Granddaddy and Grandmother Ramsey lived in a log cabin above Monroe.
Grandmother once told me that in 1865, Yankee soldiers came through
their yard and would build fires to stand by and get warm. Grandmother,
who was around 5 years old at the time, would walk among the soldiers
and some of them would pick her up, for most men had left their little
girls at home and they missed them very badly. But what they did not
know was that she had measles and gave them to all the soldiers. She did
her part to win the Civil War.
Granddaddy also ran a store that was across the road from where they lived. People would bring their eggs to give to granddaddy to pay for things they wanted to buy. Granddaddy Ramsey was a real smart man. He was also the Magistrate, a hick-lawyer and he invented some sort of lock. Mama did not know just what kind of lock it was. He also played the violin – which was given to me in later years and I have. I can still hear him playing "Turkey in the Straw" on his 1700 violin. He raised lots of corn for the animals and chickens and had plenty of good vegetables for the table. My mama played the guitar for barn dances. Granddaddy thought the North would win the war and would probably give pensions to those who served. So, that’s what he did – joined with the Yankees.

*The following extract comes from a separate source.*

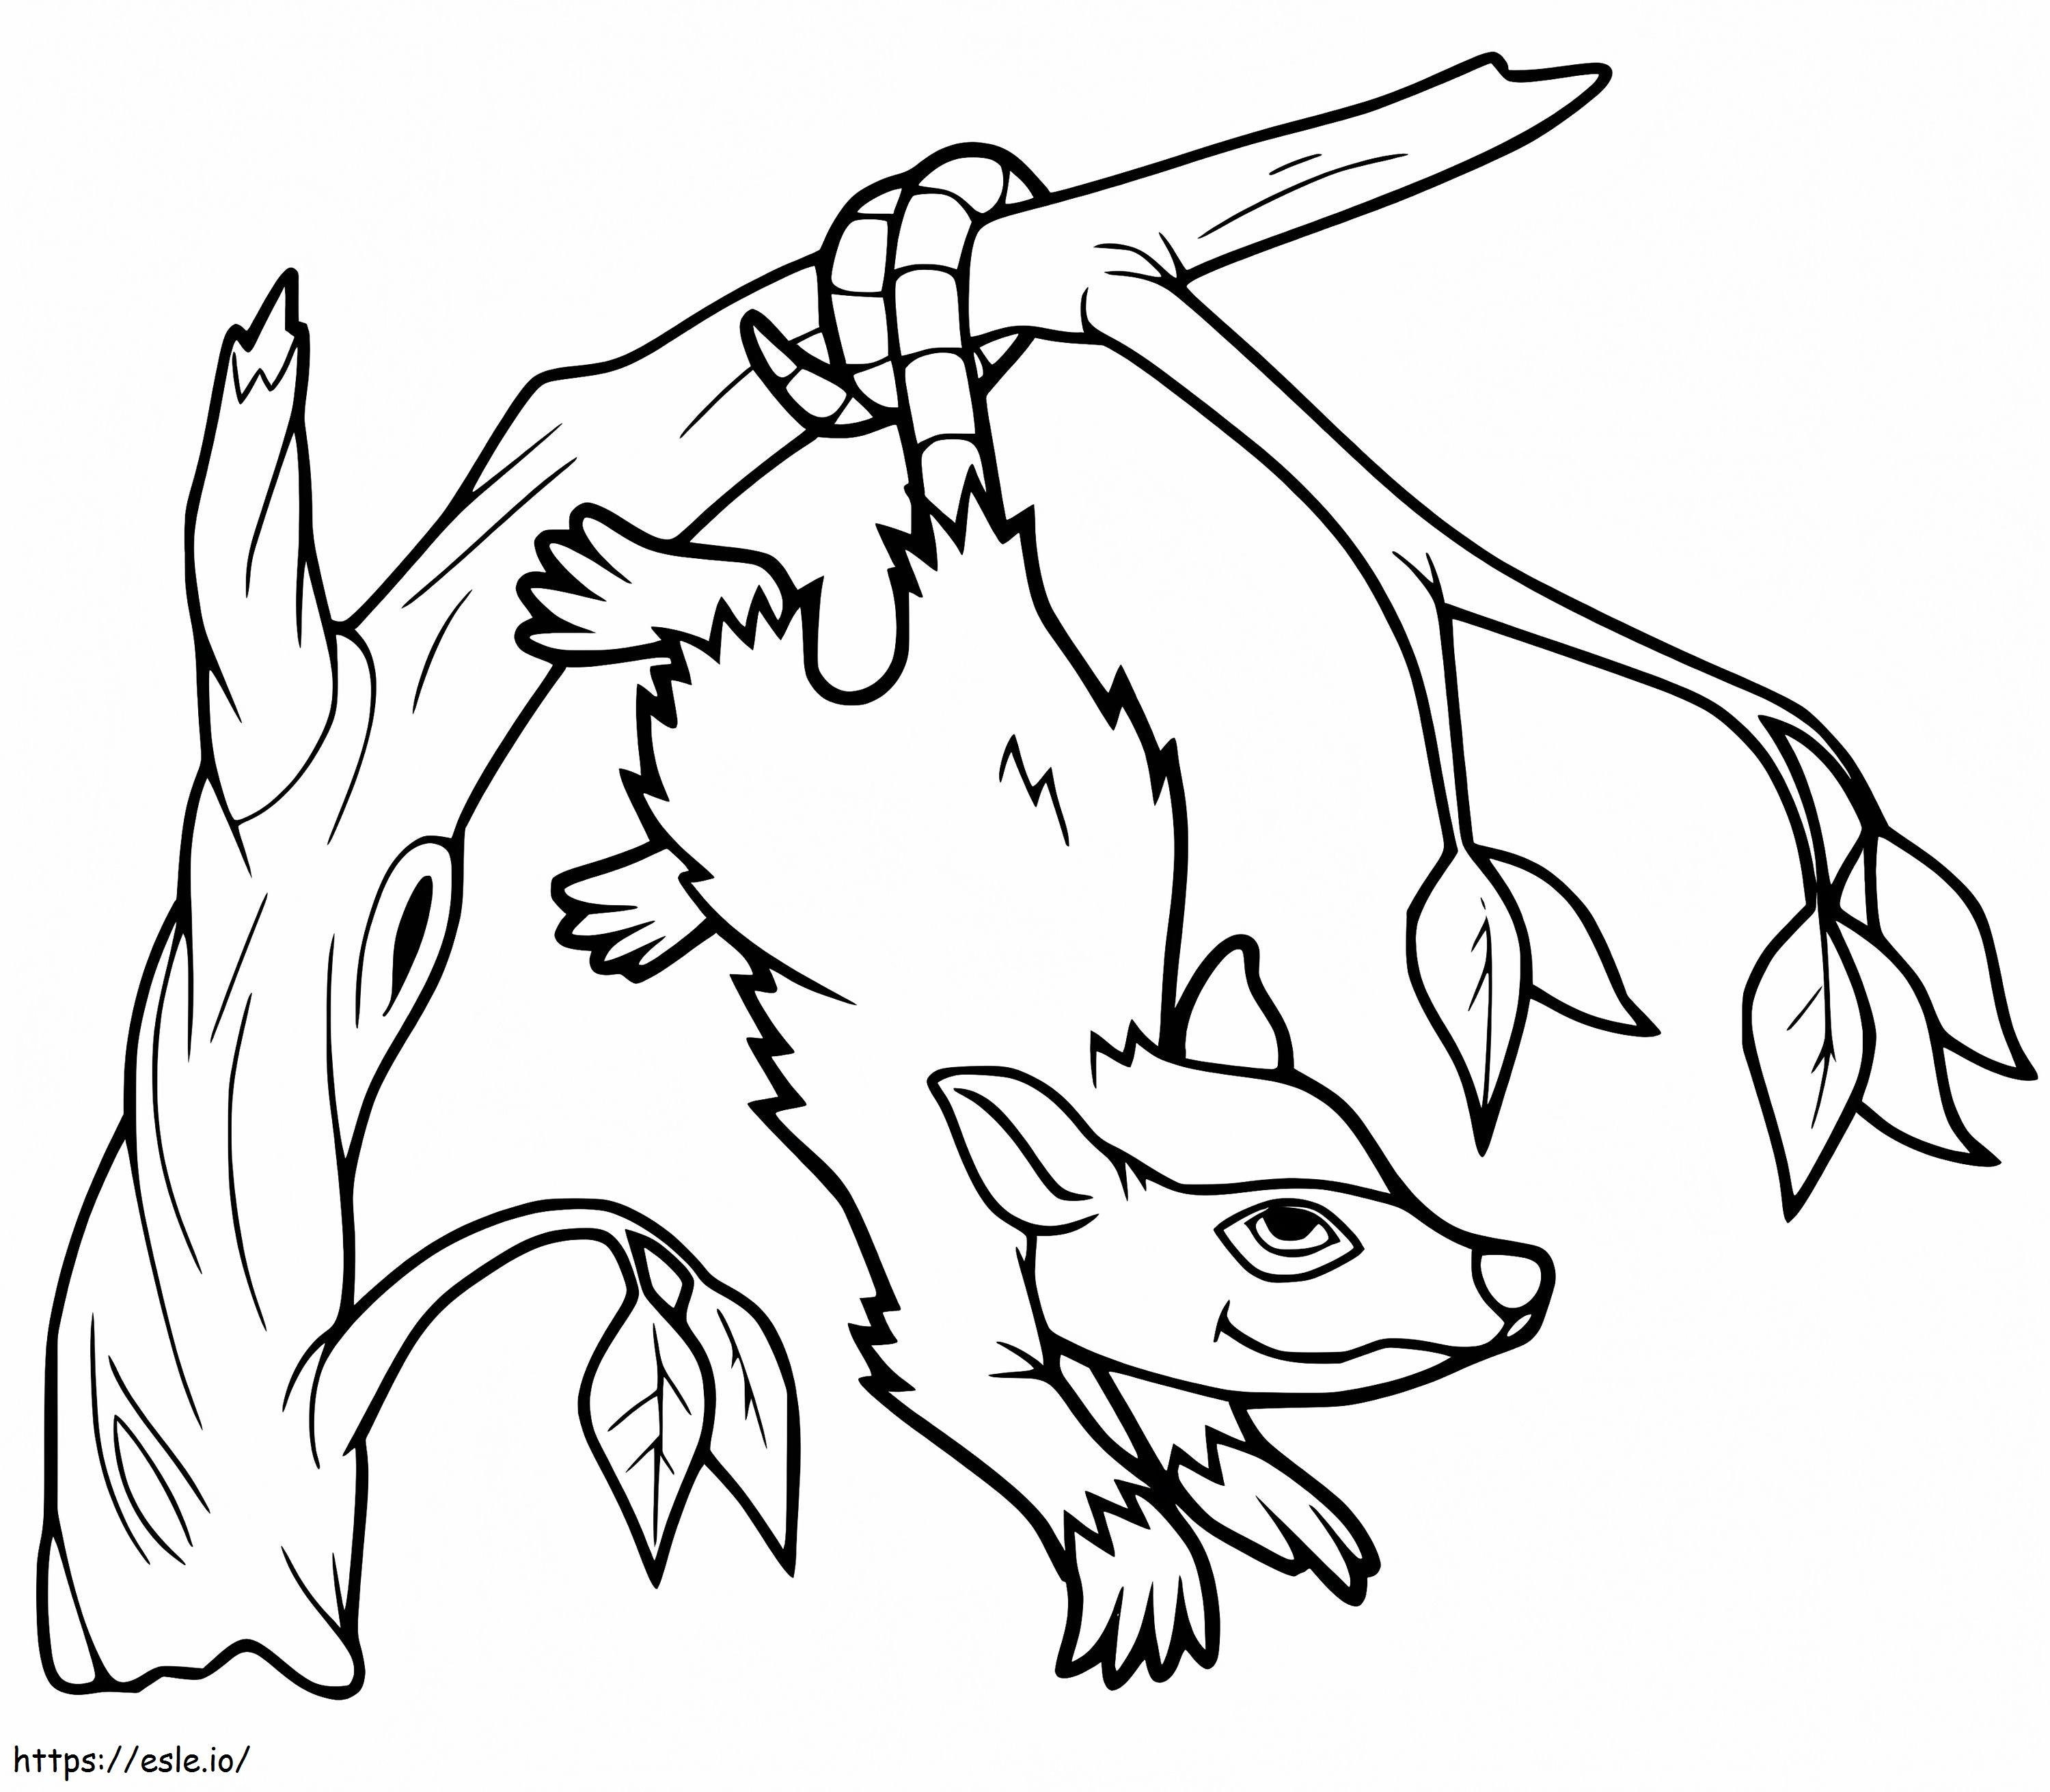 Opossum Smiling coloring page

Another building on the farm was a gristmill where Granddaddy Ramsey ground corn into meal and wheat into flour. He did not charge for this service but received meal and flour for the grinding. There were two other interesting buildings – the smoke house and the outhouse. Hams and shoulders of the pig were covered with salt and lots of black pepper to keep the flies, etc. away from the meat. A low fire was kept burning in order to cure the meat. The fat white meat was cut in smaller pieces – covered with salt – and let season for weeks and months. When grandmother needed a piece of ham for breakfast, all she had to do was cut off a hunk of meat as was needed. Pork lard was used for cooking and baking. We all ate enough of it to kill us. My grandparents raised chickens and geese. Goose feathers filled their feather beds and pillows. They also raised pigs. When a pig was killed, grandmother took the lungs, liver (she called the liver "lights") cooked them together with onions, which made a good stew – but I would not eat it.
I never saw so many apple trees on the farm.
There were June apples, Rusty applies, Horse apples and apples I don’t
even remember their name. Grandmother would peel, cut up, and dry in the
sun gobs of apples. She made the most wonderful "dried apple" pies.
There was a nice garden of corn, beans, peas, cabbage, beets, onion,
rhubarb (for pies). What wasn’t eaten was put in glass jars for the
winter. Cabbage was used mostly for sour kraut made in wooden barrels.
Some of the cabbage was left in the garden – then covered with dirt to
keep them from freezing. In that way fresh cabbage could be cooked in
(Writers Note: In 1922, Billie Smith’s family moved to Columbus, Georgia, where she later met and married Lance Burn, the son of an assistant lighthouse keeper for the Bloody Point light station. Billie and Lance moved around to several different locations during their marriage that included Savannah, Georgia; Panama City, Florida; Daufuskie Island, South Carolina; Charleston, South Carolina; Pensacola, Florida; Ft. Lauderdale, Florida; and eventually settled back in Daufuskie Island, where they lived out their lives. They had three children, June, Robert Lance (Lancy); and Gene. Lance Burn had many occupations during their marriage and also served in the US Army. They once had a small fish store, and for a period of time, Lance worked for R.J. Reynolds as captain of a towboat. He later got a job on a sea going dredge; worked for company that plastered stucco homes; owned his own shrimp boat, and lastly bought a boat to haul passengers to and from Savannah to Daufuskie. Billie’s story concludes with the following paragraph:)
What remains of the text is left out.